Dr. Huang Kun, a former advisor to high-ranking Chinese officials who defected to the West, described the parade as “political warfare.” He noted that “every word and image was crafted to impress or instill fear in the West” and aimed at portraying the CCP as “a guarantor of peace and prosperity.”

However, he continued, “The CCP does not represent the people of China.” Far from leading a united country, Xi is leading a society fraying at the seams. “The Chinese people know that Xi and his predecessors did not win free and democratic elections, and are usurpers exploiting China,” he added.

Another former high-ranking official who served in the Chinese military called the parade a “festival of deception for Chinese leaders” and said that CCP leadership is “obsessive in its insecurity” and “has never distrusted the military as much as it does under Xi Jinping.” Throughout Xi’s 13 years in power, nearly 20 percent of China’s generals have been probed or gone missing, while that number was zero for Xi’s two most immediate predecessors.

That same anonymous official also alleged that the People’s Liberation Army’s equipment is still woefully outdated, despite some advancements in technologies like hypersonic missiles. He noted high rates of crashes and catastrophes involving Chinese military equipment due to “unreasonable haste, negligence, and bravado.”

An incident last month is indicative of these failures. On August 11, a China Coast Guard vessel collided with a Chinese Navy guided-missile destroyer in the South China Sea while both were pursuing a Philippine Coast Guard boat. The crash was captured on video and revealed a pattern of dangerous maneuvers by Chinese maritime forces in the region.

Although the CCP has imposed a gag order on most disasters, some, such as the crash of a J-15 jet in March, were impossible to cover up. The China Observer reported that the crash revealed “poor fighter jet quality.” The aforementioned anonymous official said that the crash “accurately captures Lenin’s critique of the Soviet Party: ‘one step forward, two steps back.’”

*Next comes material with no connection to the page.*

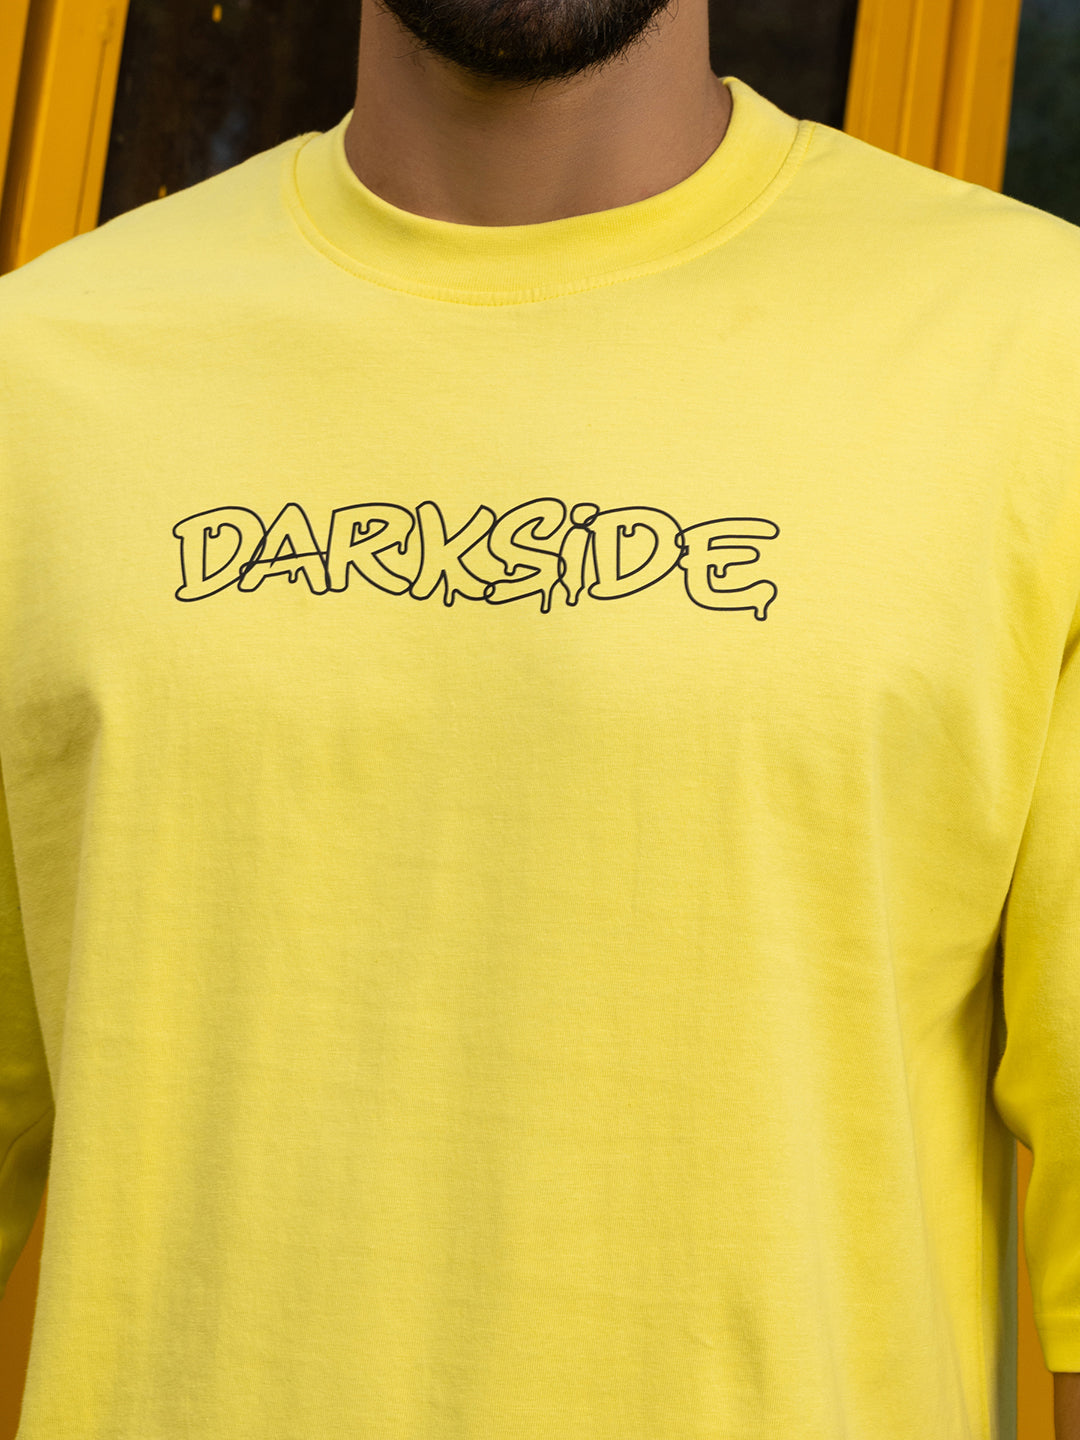 Darkside Lemon Yellow Oversized Drop shoulder Tee by Gavin Paris

The Chinese people are also growing more restless even as Xi tightens his grip over the country. The China Dissent Monitor has reported a significant rise in unrest in China over the past two years, with more than 7,000 protests documented from June 2022 to December 2024. Meanwhile, China’s economy is facing a dramatic slowdown in consumer spending and a real estate market collapse.

For all its theatrical grandeur, China’s military parade revealed far more than it concealed. Beneath the polished uniforms and choreographed unity lies a regime grappling with internal distrust, outdated weaponry, rising unrest, and a faltering economy. Xi Jinping’s attempts to project strength through symbolism only highlight the disconnect between the party’s narrative and China’s grim realities.

As with the CCP’s distorted retelling of World War II history, the spectacle in Beijing was less a show of confidence than a carefully staged effort to distract from profound institutional decay. The world would do well to see it for what it is.

Ben Solis is the pen name of an international affairs journalist, historian, and researcher.